I’m new to Ruby, so I’m most likely making an elementary mistake.
However, searching Google didn’t help me find my answer, and after
mucking around with irb I still haven’t figured it out.

I wrote a method that was intended to take all of the files in a given
directory and put them into an array. Here’s the code I wrote:

def getFiles(dir)
pwdFiles = Array.new

Dir.foreach(dir) do |entry|
    pwdFiles.push(entry) if File.file?(entry) == true
end

end

This works fine when called on the working directory — that is,
getFiles(Dir.pwd). However, when I call it on a subdirectory — for
example, getFiles(“doc”) — it only returns one file. I tested to
make sure that the files being ignored in the subdirectory actually
gave “true” when tested with File.file?(entry), which they do.

Anyone know what I’m doing wrong?

Kyle

Kyle Barbour wrote:

Hello everyone,

I’m new to Ruby, so I’m most likely making an elementary mistake.
However, searching Google didn’t help me find my answer, and after
mucking around with irb I still haven’t figured it out.

I wrote a method that was intended to take all of the files in a given
directory and put them into an array. Here’s the code I wrote:

def getFiles(dir)
pwdFiles = Array.new

Dir.foreach(dir) do |entry|
    pwdFiles.push(entry) if File.file?(entry) == true
end

end

This works fine when called on the working directory — that is,
getFiles(Dir.pwd). However, when I call it on a subdirectory — for
example, getFiles(“doc”) — it only returns one file. I tested to
make sure that the files being ignored in the subdirectory actually
gave “true” when tested with File.file?(entry), which they do.

Anyone know what I’m doing wrong?

I’m guessing you need to add this line to the end of your method:

return pwdFiles

or just

pwdFiles

since the return value of a method is the value of the last expression
evaluated.

As an alternative, Dir[“etc/*”] builds an Array directly. So you could
have:

def get_files(dir)
Dir["#{dir}/*"].select { |x| File.file?(x) }
end

(Aside: getFiles works fine, but get_files is a more conventional Ruby
method name.
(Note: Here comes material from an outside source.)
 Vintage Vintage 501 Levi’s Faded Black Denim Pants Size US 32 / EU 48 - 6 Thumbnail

Use CamelCase for constants/classes)

Oh, and another hint: try things out in irb to find out what’s
happening.

/$ irb --simple-prompt

Dir.chdir("/")
=> 0

Dir.foreach(“etc”) { |x| puts x }
.

fstab
X11
<>
=> nil

    pwdFiles.push(entry) if File.file?(entry) == true

While not an answer to your question, I thought I’d comment on the line
above – you don’t need to add the “== true”.
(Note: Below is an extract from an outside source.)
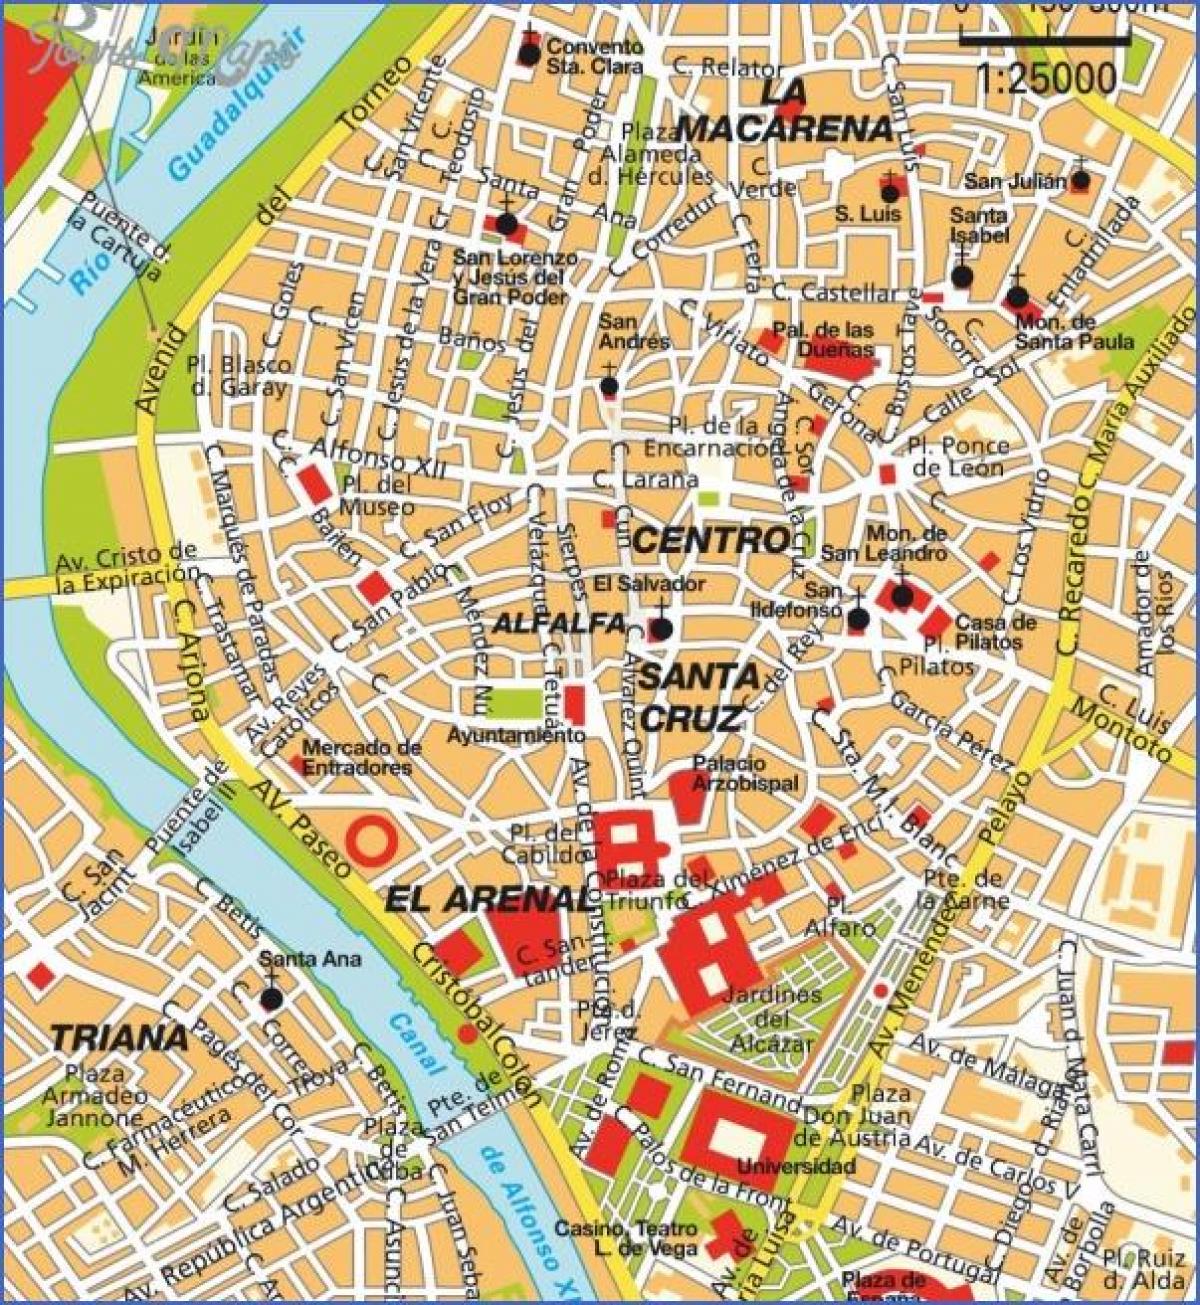 Sevilla spanje-kaart, toerisme-aantreklikhede

pwdFiles.push(entry) if File.file?(entry)

A little more:

Now, this is just me, but I also try to avoid writing negative logic…
if I wanted only the items where File.file?(entry) was false, I would
write:

pwdFiles.push(entry) unless File.file?(entry)

instead of

pwdFiles.push(entry) if not File.file?(entry)
or
pwdFiles.push(entry) if File.file?(entry) == false

Please note: this is all just personal preference – your code will work
just fine. I only mention it as you indicated you were new, and I
thought I’d share.

James H.on wrote:

The symbolic constant for truth is True, not true.
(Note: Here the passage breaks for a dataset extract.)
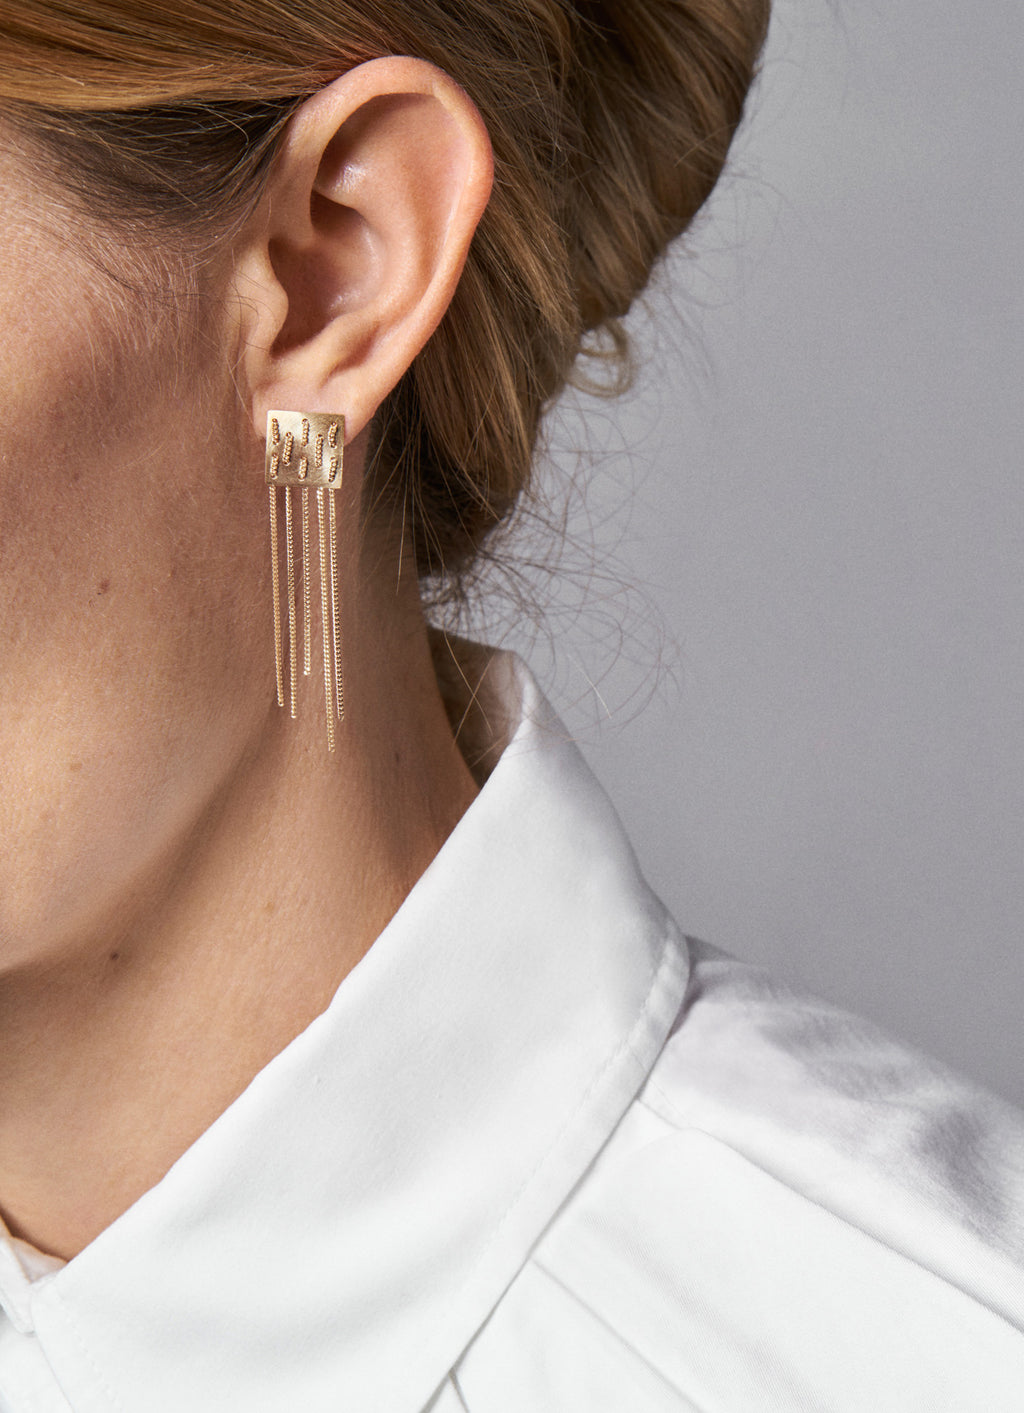 18KT yellow gold chained earrings worn by a female ear - Weave E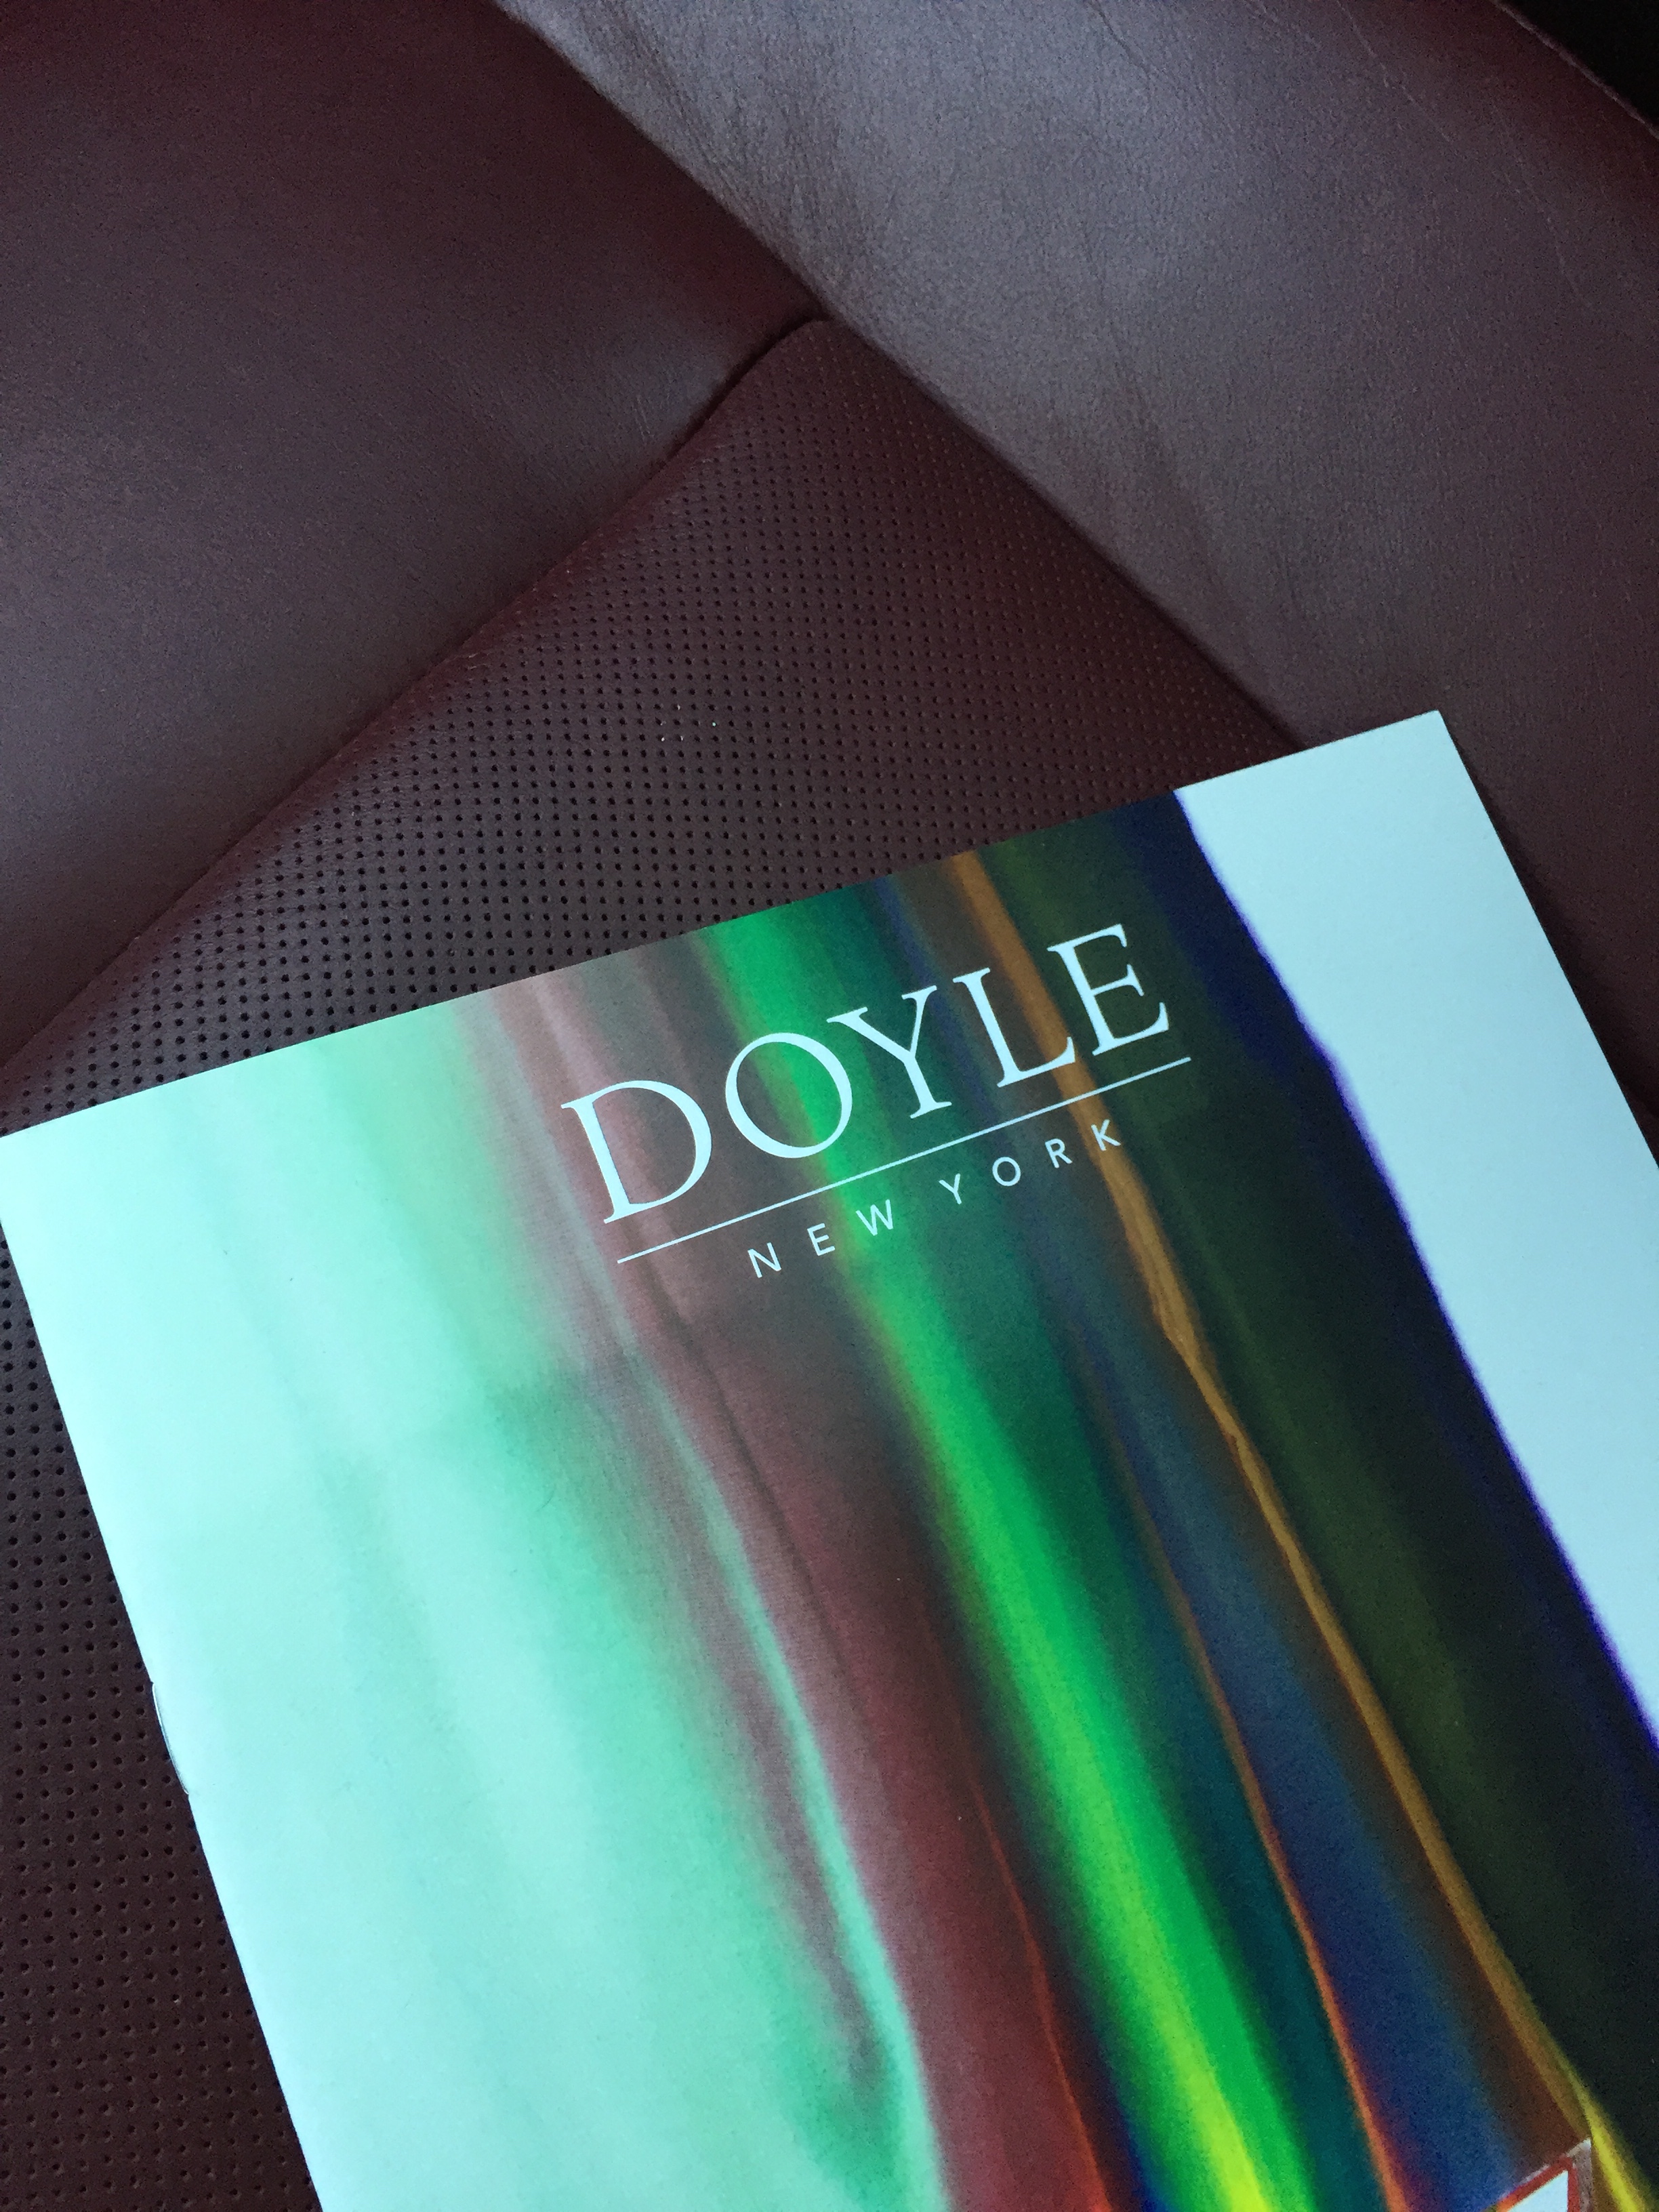 Doyle book

That is incorrect, as 5 seconds with irb will show you.

$ irb --simple-prompt

true
=> true

True
NameError: uninitialized constant True
from (irb):2

(You may have been thinking of TrueClass and FalseClass, perhaps?)

In either case, because File.file? returns either True or False, you can
drop the comparison:

It returns true or false, but yes the comparison can be removed.

If this is truly a method in an object, though, bear in mind scoping
issues. pwdFiles is only available inside this method definition. When
you declare it in your intialize statement, prepend with a
scope-changing symbol. The most common in this case is @

def initialize
#will contain all file entries in the directory
@pwdFiles = []
end

@ is not a “scope changing symbol”. @pwdFiles is an instance variable of
the object, whereas pwdFiles is a local variable. They are completely
different concepts.

Since the OP wanted to return the value from the getFiles method, and
not set any instance variables in the object, then a local variable is
appropriate here.

def getFiles(dir)
pwdFiles = Array.new

Dir.foreach(dir) do |entry|
pwdFiles.push(entry) if File.file?(entry) == true
end
end

The symbolic constant for truth is True, not true.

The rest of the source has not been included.